# Measure performance
This notebook loads a file with precomputed measures (*qmeans*, *qbas* & *qinv*) for a set of rankings for a given instance of the dataset and measures the performance of the different alternative measures

## 1. Load libraries, model and data

In [15]:
FILENAME = 'avila_70_measures.npz'

# Import the necessary libraries
import sys
import os
PROJ_DIR = os.path.realpath(os.path.dirname(os.path.abspath('')))
sys.path.append(os.path.join(PROJ_DIR,'src'))
import xai_faithfulness_experiments_lib_edits as fl
import numpy as np

# Load data
data = fl.load_generated_data(os.path.join(PROJ_DIR, 'results', FILENAME))
qmeans = data['qmeans']
qmeans_basX = [data['qmean_bas']]
qmeans_inv = data['qmean_invs']

# Compute qmeans_bas[2-10]
def compute_qbas(measure, num_samples):
    random_indices = np.random.randint(0,  measure.shape[0], (measure.shape[0], num_samples))
    random_qmeans = measure[random_indices]
    mean = np.mean(random_qmeans, axis=1)

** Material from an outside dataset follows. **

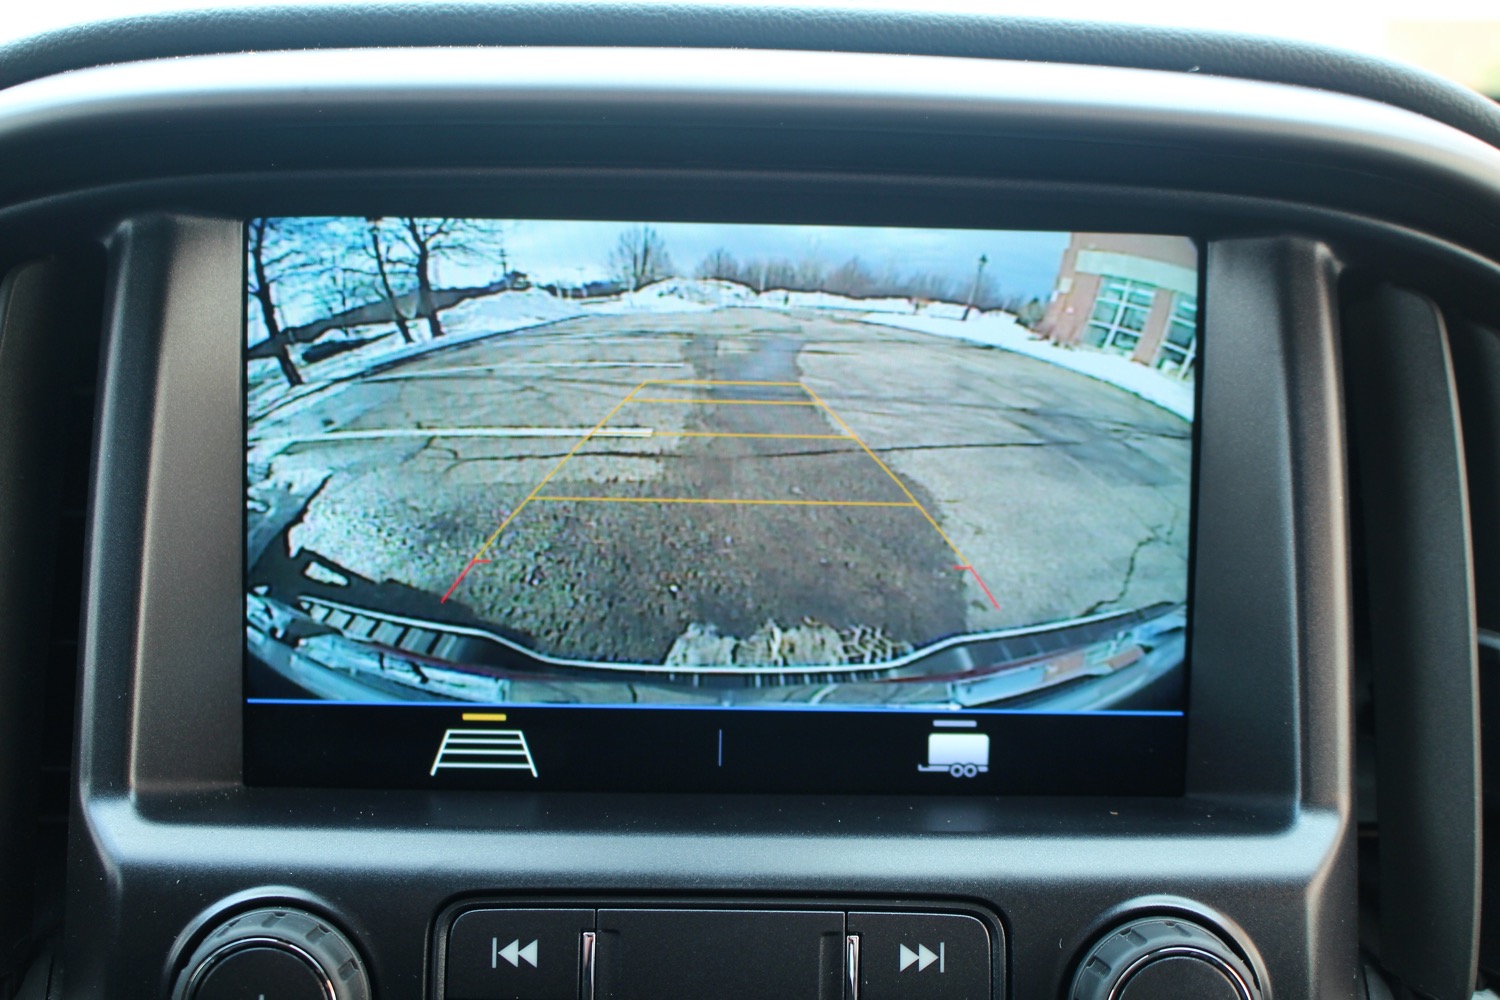 GM Vehicles Need To Offer Dash Cam Mode In Vehicles: Opinion
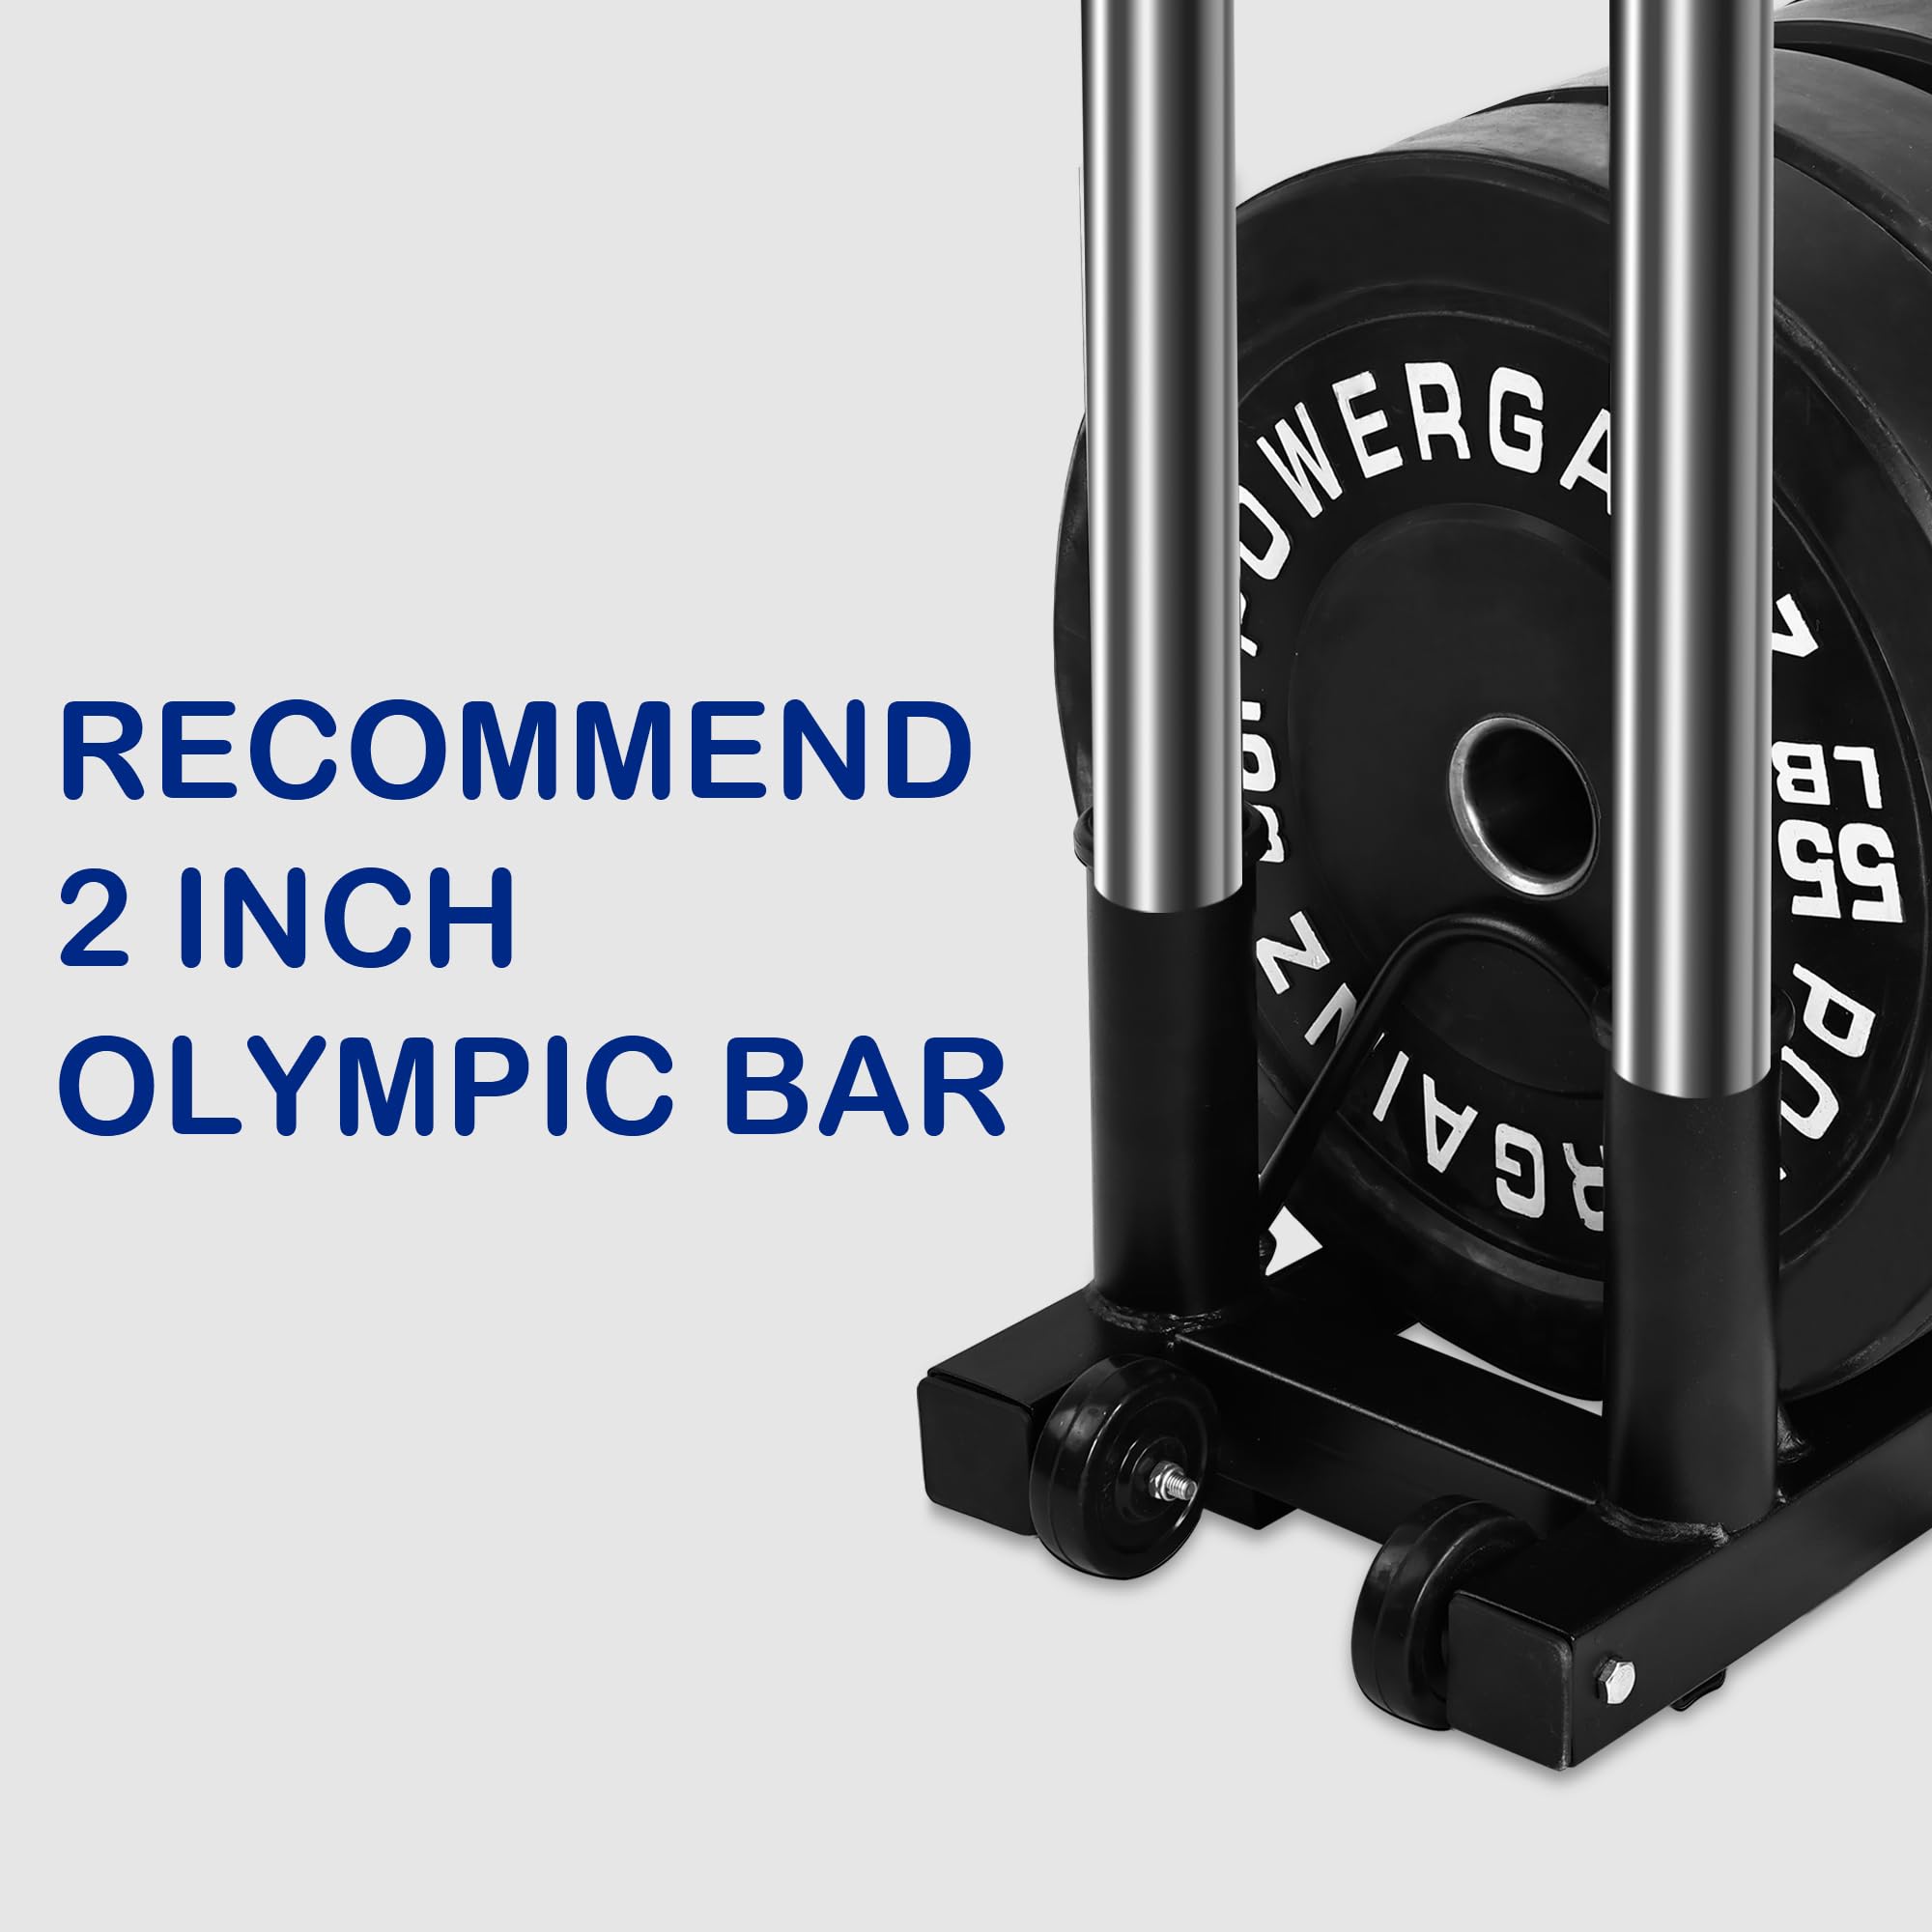 Signature Fitness Horizontal Plate and Olympic Bar Rack Organizer with Steel Frame and Transport Wheels

    # First way to deal with std==0; add some epsilon
    #std = np.std(random_qmeans, axis=1) + 1e-10

    # Second way to deal with std==0; ignore std (divide by 1)
    std = np.std(random_qmeans, axis=1)
    std[std==0] = 1

    # Always ignore std
    std=1
    return (measure - mean) / std
for i in range(2,11):
    qmeans_basX.append(compute_qbas(qmeans, i))

# Compute z-score??
qmean_mean = np.mean(qmeans)
qmean_std = np.std(qmeans)
z_scores = ((qmeans - qmean_mean) / qmean_std).flatten()

# Stratify z-index to be able to compare performance on different parts of the spectrum
indices = np.arange(z_scores.shape[0])
z_scores_numbered = np.vstack((z_scores, indices))
level_indices = []
boundaries = [float('-inf'), 0, 0.5, 1, 1.5, 2, 2.5, 3, 3.5]
for i in range(1,len(boundaries)+1):
    bottom_limit = boundaries[i-1]
    top_limit = float('inf')
    if i < len(boundaries):
        top_limit = boundaries[i]
    level_indices.append((z_scores_numbered[:,np.logical_and(bottom_limit<=z_scores, z_scores<top_limit)][1,:].astype(int),(bottom_limit, top_limit)))

## 2. Measure performance
### 2.1 Order preservation
 1. The issue with using qmean directly is that it doesn't have a fixed scale and you don't get an idea of how good your explanation is compared to other explanations
 2. To address this, ideally you would determine the distribution of all qmeans and then compute the z-score. That's very costly, so you either:
    1. Estimate the qmeans distribution with X samples $\rightarrow$ qbasX
    2. Calculate an alternative to the z-index directly $\rightarrow$ qinv
 3. The problem with both alternatives is that you adulterate the value of your original qmean measurement, so you may end up in a situation where $qmean_i<qmean_j$ but $qinv_i<qinv_j$, which is undesirable
 4. Hence, we measure how many times that happens for each measure.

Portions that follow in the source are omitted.